劇場公開日 2023年2月10日

  • 予告編を見る

「同じ映画館を使ってもこれだけ違う映画にできる」銀平町シネマブルース kenshuchuさんの映画レビュー(感想・評価)

4.0同じ映画館を使ってもこれだけ違う映画にできる

2023年3月2日
Androidアプリから投稿
鑑賞方法:映画館

映画館が舞台だったり、映画を作ったりする映画は名作が多い(気がする)。うんうん、わかるよその気持ち、映画ってやっぱりいいよなーなんて思いにさせてくれる。基本的に映画愛や映画への情熱に満ち溢れているだけで嬉しくなるのかもしれない。
映画監督の近藤くんの再起、スカラ座の再建、貧困ビジネスに巻き込まれるホームレスの苦しい現状が描かれる。
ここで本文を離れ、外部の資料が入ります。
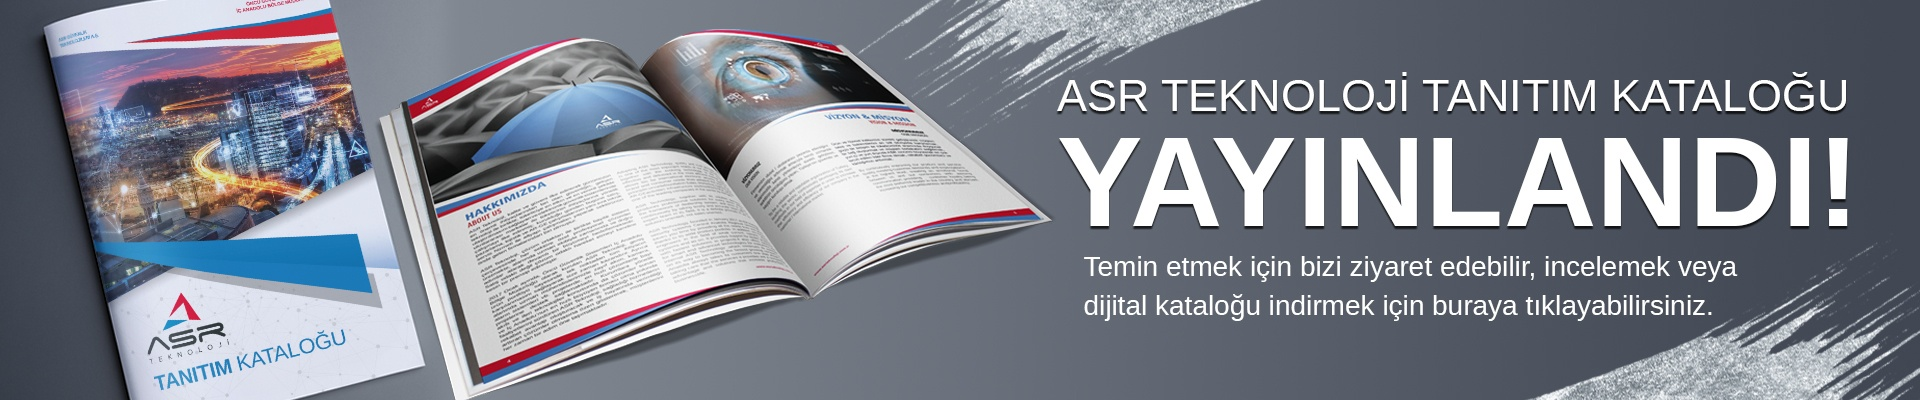 ASR Teknoloji Tanıtım Kataloğu

個人的にはホームレスの佐藤さんが印象に残る。ホームレスになってもあんな感じに映画を愛していけたら幸せだよね。
そしてスカラ座の60周年イベント。映画を上映する合間にいろんなドラマが展開していてとても面白かった。恋が生まれたり生まれなかったり、涙が溢れたり出来事があったり。映画が好きな人が集まって、映画を観て、語らい合うって楽しいに違いない。そしてイベントで上映された映画(映画中映画)が意外と面白かった。ミニシアター系ならあれはあれでありだ。さらに、いろんな日本映画へのオマージュが入っているのもいい。考え過ぎ?いや、あれはそうだと思う。一人でそう思ってニヤニヤするのもアリだ。映画の正しい鑑賞法の一つだ。
城定秀夫が監督だと意識していなかったけど、エンドロールで城定さんの名前を見て、あーやっぱりなと納得。道理でいいなと感じていたはずだ。やはり映画館を舞台にした映画は面白い。同じ映画館を舞台にした大御所が監督した映画とは大違いだ。
最後に。渡辺裕之さんが出演していることに驚いた。亡くなったのは結構前な気がするが、こんな形で再会するとは思わなかった。なかなか渋い演技を見せてくれていただけにもったいないと思ってしまう。エンドロールのR.I.P.の文字も悲しい。